Evals · Free preview

Assertion Checks

Test behavior, not just strings

An assertion eval checks a property of the output — it contains a phrase, matches a format, or falls in a numeric range — instead of demanding one exact string.

Test behavior, not just strings

Exact match scored you 75% last lesson — but it can't grade free-form replies at all. A billing agent that says "Your refund of $129.50 will arrive in 5 business days" is a great answer, but it will never equal any single gold string you write down: the wording and order drift run to run. Hold a free-form reply to byte-equality and every good answer fails. You don't care about the exact string here — you care about a property of it.

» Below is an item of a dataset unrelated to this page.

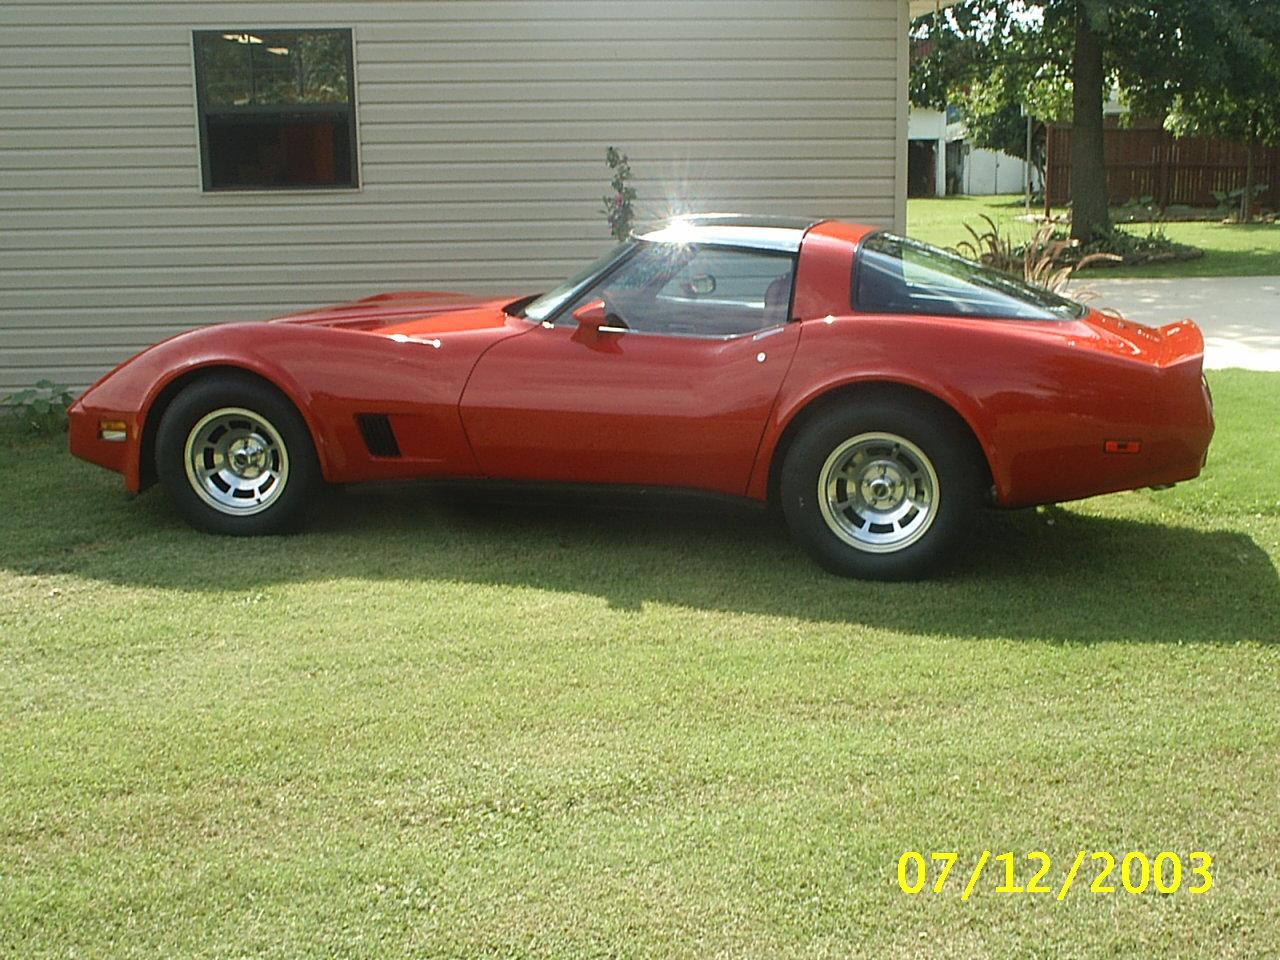 1981 Chevrolet Corvette Pictures Cargurus

An assertion eval checks that property directly. Instead of output === gold, you ask narrower yes/no questions: does the reply contain "refund"? Does it match a $00.00 price format? Is the extracted total in range? Each is a boolean, and the reply passes only if it satisfies the ones that matter. This is exactly how this academy grades your code — not by exact text, but by checking your output's shape.

Take that refund reply. contains(reply, "refund") → the substring is there, PASS. matchesFormat(reply, /\$\d+\.\d{2}/)$129.50 fits the pattern, PASS. But inRange(129.5, 0, 100) → 129.5 is over budget, FAIL — and a real assertion has to say so, not wave it through. That honest FAIL is the whole value: assertions flag "refund went out, but for too much money," a defect exact match can't even see.

Below, that agent answered a billing question and three assertion functions are stubbed to always return true — rubber-stamping every check. Fill them in so they test the reply for real: contains runs .includes, matchesFormat runs regex.test, inRange checks lo <= n <= hi. Done means the two passes stay PASS and the range check turns to FAIL.

A good eval is a question with a yes/no answer about the output — substring, format, range. String-equality is just the weakest assertion of them all.

In the full academy, you write and run this — live, graded:

// An agent answered a billing question. We grade its reply with assertions —
// richer than exact-match: a phrase it must contain, a format it must match,
// and a number that must land in range.
const reply = "Your refund of $129.50 will arrive in 5 business days.";
const total = 129.5; // dollar amount the agent extracted from the reply

// Each assertion takes the reply (and value) and returns true/false.
function contains(text, needle) {
  // TODO: does the reply contain this substring?
  return true;
}

function matchesFormat(text, re) {
  // TODO: does the reply match this format (regex)?
  return true;
}

function inRange(n, lo, hi) {
  // TODO: is n within [lo, hi] inclusive?
  return true;
}

const report = (label, ok) => console.log(`${label} -> ${ok ? "PASS" : "FAIL"}`);

report('contains "refund"', contains(reply, "refund"));
report("matches price format", matchesFormat(repl

🔒 Live code execution, real agent runs, mastery tracking and verifiable credentials unlock with the full academy.

This is 1 of 50 lessons.

The full academy: write real code, watch real agents run, and earn verifiable credentials — across 8 tracks, in a 3D campus.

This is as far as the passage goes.